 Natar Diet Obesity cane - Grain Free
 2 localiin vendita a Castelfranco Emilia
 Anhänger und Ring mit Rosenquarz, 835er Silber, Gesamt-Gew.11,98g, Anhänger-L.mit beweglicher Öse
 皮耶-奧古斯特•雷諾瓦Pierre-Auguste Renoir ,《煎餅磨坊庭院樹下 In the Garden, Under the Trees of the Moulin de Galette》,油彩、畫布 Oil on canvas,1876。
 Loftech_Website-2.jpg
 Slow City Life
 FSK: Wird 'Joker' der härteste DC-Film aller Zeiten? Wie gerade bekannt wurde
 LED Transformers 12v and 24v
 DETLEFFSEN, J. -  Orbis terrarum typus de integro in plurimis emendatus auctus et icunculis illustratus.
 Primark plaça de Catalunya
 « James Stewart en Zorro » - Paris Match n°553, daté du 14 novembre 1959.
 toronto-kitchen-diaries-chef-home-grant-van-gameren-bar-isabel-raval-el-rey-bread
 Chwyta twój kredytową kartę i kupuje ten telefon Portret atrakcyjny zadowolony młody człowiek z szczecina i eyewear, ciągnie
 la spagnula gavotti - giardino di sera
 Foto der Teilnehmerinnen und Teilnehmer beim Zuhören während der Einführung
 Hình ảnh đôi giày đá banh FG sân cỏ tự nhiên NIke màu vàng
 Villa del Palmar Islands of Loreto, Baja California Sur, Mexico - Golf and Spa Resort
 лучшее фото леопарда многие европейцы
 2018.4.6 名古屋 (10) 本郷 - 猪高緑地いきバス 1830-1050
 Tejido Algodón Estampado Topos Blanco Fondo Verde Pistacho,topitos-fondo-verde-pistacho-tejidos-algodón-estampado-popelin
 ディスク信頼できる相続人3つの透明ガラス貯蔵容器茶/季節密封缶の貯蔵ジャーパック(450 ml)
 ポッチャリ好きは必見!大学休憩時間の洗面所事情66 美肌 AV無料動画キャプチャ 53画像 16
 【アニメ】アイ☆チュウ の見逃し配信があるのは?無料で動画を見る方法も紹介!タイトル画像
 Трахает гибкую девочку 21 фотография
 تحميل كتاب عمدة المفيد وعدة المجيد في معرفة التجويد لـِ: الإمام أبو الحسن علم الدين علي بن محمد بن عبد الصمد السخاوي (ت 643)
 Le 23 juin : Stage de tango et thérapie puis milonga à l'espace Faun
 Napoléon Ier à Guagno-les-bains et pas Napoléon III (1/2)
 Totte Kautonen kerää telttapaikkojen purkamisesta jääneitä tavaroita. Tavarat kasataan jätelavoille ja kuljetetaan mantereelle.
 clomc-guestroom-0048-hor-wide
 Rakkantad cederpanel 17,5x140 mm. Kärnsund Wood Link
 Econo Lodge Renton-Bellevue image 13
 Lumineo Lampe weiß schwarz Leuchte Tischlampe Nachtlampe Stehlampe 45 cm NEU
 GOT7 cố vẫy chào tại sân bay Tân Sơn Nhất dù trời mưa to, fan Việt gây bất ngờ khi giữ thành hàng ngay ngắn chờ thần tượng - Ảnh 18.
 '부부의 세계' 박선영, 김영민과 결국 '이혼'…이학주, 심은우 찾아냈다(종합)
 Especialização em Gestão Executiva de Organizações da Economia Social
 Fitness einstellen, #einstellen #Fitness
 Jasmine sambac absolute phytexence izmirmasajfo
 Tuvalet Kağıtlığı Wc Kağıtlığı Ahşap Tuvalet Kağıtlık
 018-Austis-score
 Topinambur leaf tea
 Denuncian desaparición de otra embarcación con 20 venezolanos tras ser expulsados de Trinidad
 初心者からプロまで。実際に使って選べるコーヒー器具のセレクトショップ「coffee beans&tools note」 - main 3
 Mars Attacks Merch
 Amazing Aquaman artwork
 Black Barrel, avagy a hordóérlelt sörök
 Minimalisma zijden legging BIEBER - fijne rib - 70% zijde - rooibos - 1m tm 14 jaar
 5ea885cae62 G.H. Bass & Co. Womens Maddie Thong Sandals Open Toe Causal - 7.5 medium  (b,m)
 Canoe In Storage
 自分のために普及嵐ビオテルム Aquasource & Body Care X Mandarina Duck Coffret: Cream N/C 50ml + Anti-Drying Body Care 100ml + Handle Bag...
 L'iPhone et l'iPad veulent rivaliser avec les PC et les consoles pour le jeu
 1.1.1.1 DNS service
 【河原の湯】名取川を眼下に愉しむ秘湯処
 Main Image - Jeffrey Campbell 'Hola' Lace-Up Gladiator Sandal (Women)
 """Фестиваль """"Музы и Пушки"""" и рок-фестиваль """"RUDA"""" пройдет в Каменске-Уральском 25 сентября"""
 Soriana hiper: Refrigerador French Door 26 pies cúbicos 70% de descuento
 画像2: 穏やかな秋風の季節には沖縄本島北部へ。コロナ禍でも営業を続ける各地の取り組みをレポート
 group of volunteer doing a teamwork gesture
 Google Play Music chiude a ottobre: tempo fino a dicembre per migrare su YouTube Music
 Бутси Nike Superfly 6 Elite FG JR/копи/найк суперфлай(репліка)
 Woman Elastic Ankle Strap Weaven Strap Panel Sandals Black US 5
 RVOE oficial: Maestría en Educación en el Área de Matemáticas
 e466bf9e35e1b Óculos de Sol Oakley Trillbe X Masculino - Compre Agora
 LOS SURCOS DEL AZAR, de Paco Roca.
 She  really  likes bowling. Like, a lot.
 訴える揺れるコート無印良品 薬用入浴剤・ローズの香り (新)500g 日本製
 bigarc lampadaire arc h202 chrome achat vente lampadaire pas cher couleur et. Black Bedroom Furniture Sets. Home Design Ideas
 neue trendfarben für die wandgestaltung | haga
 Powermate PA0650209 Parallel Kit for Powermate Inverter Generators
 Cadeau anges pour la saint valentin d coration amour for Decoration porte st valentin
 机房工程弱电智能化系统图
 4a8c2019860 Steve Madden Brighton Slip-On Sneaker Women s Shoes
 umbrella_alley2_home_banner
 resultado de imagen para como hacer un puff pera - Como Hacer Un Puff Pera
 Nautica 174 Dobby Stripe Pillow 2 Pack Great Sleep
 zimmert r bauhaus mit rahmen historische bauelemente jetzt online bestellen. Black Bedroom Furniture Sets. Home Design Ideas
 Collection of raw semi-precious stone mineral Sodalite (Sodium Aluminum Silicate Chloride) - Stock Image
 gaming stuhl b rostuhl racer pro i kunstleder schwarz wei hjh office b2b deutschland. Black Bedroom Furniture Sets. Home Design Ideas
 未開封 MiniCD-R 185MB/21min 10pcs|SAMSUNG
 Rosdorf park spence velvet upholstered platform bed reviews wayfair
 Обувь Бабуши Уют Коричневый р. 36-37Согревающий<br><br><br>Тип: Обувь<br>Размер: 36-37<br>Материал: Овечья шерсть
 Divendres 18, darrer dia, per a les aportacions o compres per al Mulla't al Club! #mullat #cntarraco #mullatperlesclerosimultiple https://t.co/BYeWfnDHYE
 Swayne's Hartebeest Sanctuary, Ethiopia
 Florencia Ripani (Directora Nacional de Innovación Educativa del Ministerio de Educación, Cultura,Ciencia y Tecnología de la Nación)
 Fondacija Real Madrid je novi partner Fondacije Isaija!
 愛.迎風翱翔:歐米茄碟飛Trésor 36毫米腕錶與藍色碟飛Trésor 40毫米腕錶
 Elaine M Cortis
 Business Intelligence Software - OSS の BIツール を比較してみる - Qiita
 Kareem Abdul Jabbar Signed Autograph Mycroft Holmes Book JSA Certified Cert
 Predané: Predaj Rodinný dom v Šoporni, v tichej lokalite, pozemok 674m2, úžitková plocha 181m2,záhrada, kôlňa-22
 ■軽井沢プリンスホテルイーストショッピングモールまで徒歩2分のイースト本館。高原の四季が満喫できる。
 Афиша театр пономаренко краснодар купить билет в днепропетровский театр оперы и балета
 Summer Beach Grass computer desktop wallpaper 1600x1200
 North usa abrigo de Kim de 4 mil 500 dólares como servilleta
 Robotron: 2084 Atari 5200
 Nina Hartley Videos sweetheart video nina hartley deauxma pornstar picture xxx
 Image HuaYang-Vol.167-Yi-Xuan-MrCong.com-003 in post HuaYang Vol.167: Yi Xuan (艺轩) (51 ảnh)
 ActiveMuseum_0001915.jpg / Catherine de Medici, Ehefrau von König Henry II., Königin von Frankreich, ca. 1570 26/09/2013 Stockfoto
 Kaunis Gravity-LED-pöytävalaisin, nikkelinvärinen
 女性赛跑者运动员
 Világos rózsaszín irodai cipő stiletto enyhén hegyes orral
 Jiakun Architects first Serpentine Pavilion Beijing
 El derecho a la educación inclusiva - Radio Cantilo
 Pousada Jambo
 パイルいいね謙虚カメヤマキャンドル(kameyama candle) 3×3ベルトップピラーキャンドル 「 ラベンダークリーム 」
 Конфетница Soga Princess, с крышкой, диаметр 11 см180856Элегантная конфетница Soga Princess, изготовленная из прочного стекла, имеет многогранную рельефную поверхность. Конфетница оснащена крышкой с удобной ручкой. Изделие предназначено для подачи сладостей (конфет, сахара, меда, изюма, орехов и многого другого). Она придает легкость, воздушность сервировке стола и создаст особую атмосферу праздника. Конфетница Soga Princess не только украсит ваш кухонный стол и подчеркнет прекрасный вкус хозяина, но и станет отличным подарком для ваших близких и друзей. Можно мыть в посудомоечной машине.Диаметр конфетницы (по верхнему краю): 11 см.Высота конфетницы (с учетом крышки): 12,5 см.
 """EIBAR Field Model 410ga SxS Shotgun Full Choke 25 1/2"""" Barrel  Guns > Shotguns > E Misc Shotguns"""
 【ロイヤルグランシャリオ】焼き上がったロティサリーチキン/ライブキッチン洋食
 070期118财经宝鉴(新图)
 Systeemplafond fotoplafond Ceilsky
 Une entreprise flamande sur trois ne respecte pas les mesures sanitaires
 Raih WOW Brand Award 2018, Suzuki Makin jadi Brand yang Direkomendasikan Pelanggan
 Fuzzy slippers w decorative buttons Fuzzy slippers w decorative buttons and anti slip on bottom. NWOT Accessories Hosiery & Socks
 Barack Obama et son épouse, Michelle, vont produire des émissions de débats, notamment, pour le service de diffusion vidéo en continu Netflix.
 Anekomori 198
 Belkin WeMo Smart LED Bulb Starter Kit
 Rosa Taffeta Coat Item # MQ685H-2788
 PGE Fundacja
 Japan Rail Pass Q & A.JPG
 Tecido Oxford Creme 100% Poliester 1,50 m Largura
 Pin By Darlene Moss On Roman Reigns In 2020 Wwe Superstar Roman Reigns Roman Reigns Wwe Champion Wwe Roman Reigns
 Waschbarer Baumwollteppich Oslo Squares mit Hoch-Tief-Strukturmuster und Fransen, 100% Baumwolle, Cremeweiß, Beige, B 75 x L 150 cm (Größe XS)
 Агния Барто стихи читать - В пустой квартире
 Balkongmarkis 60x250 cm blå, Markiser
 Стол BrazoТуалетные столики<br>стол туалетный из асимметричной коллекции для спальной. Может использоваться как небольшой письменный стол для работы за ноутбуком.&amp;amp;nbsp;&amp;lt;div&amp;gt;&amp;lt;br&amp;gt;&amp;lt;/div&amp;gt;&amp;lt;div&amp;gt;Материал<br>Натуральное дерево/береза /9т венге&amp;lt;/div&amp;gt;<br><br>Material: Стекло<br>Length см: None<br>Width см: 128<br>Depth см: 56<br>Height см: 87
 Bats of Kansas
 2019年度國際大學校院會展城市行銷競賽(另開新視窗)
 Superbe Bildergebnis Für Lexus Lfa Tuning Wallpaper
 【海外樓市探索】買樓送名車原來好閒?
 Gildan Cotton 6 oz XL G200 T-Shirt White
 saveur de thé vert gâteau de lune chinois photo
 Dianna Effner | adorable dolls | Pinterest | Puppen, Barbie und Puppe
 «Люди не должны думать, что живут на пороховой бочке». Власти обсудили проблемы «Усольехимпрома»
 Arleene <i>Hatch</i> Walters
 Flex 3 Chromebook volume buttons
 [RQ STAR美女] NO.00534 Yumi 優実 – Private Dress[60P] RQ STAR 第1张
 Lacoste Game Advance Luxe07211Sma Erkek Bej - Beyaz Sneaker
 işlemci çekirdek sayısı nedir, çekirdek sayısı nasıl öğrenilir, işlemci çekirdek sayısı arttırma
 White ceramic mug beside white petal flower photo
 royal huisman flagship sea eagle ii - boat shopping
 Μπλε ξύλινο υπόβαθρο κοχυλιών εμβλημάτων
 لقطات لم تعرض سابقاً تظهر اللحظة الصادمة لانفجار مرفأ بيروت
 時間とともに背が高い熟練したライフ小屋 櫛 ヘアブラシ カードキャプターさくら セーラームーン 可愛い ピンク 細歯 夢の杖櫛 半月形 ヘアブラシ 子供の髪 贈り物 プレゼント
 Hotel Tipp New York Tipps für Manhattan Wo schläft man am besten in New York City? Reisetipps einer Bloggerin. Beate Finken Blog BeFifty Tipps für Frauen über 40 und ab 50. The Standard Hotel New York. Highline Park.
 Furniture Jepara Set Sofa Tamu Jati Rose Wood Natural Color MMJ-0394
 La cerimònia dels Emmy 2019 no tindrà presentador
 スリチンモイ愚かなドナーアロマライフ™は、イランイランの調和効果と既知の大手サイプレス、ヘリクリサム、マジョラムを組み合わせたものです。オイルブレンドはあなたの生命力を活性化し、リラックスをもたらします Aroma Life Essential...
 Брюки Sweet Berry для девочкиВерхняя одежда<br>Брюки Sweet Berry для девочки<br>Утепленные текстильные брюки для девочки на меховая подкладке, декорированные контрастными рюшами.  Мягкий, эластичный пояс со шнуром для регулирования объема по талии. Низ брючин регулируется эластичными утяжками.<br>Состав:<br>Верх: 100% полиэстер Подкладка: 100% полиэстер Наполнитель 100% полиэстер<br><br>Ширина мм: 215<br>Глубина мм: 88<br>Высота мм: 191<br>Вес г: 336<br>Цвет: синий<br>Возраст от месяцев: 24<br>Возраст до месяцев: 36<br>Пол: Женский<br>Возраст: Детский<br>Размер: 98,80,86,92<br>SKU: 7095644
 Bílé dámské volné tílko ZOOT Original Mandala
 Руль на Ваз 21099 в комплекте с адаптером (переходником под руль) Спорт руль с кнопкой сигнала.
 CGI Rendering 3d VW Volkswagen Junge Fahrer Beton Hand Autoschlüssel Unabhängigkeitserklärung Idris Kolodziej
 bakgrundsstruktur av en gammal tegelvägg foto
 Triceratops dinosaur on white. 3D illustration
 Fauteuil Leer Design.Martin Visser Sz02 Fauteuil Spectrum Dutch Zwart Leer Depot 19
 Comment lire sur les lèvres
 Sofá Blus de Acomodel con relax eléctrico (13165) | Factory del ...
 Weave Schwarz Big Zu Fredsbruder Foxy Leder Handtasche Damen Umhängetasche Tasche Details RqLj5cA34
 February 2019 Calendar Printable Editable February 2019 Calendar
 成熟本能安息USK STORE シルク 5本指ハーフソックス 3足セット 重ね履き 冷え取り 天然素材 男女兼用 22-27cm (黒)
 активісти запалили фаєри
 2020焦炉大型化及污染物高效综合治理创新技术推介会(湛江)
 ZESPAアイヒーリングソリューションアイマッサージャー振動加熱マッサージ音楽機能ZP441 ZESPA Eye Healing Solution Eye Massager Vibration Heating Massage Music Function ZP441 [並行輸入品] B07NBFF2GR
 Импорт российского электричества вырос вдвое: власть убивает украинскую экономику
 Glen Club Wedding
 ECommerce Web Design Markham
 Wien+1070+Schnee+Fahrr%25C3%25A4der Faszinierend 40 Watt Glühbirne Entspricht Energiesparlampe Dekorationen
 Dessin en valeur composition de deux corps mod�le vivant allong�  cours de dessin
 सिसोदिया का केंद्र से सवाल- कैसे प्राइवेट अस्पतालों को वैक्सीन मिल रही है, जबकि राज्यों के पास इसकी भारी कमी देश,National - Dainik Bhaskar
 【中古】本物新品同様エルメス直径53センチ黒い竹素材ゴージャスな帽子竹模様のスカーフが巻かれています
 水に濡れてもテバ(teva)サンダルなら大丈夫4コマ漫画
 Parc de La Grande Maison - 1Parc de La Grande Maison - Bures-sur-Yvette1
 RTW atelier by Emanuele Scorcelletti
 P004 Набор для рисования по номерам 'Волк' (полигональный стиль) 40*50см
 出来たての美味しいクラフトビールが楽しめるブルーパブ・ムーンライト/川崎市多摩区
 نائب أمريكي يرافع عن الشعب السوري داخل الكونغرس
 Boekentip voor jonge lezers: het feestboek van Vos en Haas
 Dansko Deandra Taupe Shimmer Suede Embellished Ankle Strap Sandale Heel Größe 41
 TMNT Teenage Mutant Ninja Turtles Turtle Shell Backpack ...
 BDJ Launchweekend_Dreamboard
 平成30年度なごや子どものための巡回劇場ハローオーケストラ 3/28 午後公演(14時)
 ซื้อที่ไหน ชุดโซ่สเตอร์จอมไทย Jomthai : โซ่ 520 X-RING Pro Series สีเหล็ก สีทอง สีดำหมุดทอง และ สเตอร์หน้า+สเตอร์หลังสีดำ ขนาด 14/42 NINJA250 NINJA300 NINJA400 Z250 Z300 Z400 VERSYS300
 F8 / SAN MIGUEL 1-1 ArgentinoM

....

— What is required —
Send back exactly the lines of the listing above starting at the one with "Florencia Ripani (Directora" and ending at the one with "パイルいいね謙虚カメヤマキャンドル(kameyama candle) 3×3ベルトップピラーキャンドル", inclusive, and no others.

— Output —
 Florencia Ripani (Directora Nacional de Innovación Educativa del Ministerio de Educación, Cultura,Ciencia y Tecnología de la Nación)
 Fondacija Real Madrid je novi partner Fondacije Isaija!
 愛.迎風翱翔:歐米茄碟飛Trésor 36毫米腕錶與藍色碟飛Trésor 40毫米腕錶
 Elaine M Cortis
 Business Intelligence Software - OSS の BIツール を比較してみる - Qiita
 Kareem Abdul Jabbar Signed Autograph Mycroft Holmes Book JSA Certified Cert
 Predané: Predaj Rodinný dom v Šoporni, v tichej lokalite, pozemok 674m2, úžitková plocha 181m2,záhrada, kôlňa-22
 ■軽井沢プリンスホテルイーストショッピングモールまで徒歩2分のイースト本館。高原の四季が満喫できる。
 Афиша театр пономаренко краснодар купить билет в днепропетровский театр оперы и балета
 Summer Beach Grass computer desktop wallpaper 1600x1200
 North usa abrigo de Kim de 4 mil 500 dólares como servilleta
 Robotron: 2084 Atari 5200
 Nina Hartley Videos sweetheart video nina hartley deauxma pornstar picture xxx
 Image HuaYang-Vol.167-Yi-Xuan-MrCong.com-003 in post HuaYang Vol.167: Yi Xuan (艺轩) (51 ảnh)
 ActiveMuseum_0001915.jpg / Catherine de Medici, Ehefrau von König Henry II., Königin von Frankreich, ca. 1570 26/09/2013 Stockfoto
 Kaunis Gravity-LED-pöytävalaisin, nikkelinvärinen
 女性赛跑者运动员
 Világos rózsaszín irodai cipő stiletto enyhén hegyes orral
 Jiakun Architects first Serpentine Pavilion Beijing
 El derecho a la educación inclusiva - Radio Cantilo
 Pousada Jambo
 パイルいいね謙虚カメヤマキャンドル(kameyama candle) 3×3ベルトップピラーキャンドル 「 ラベンダークリーム 」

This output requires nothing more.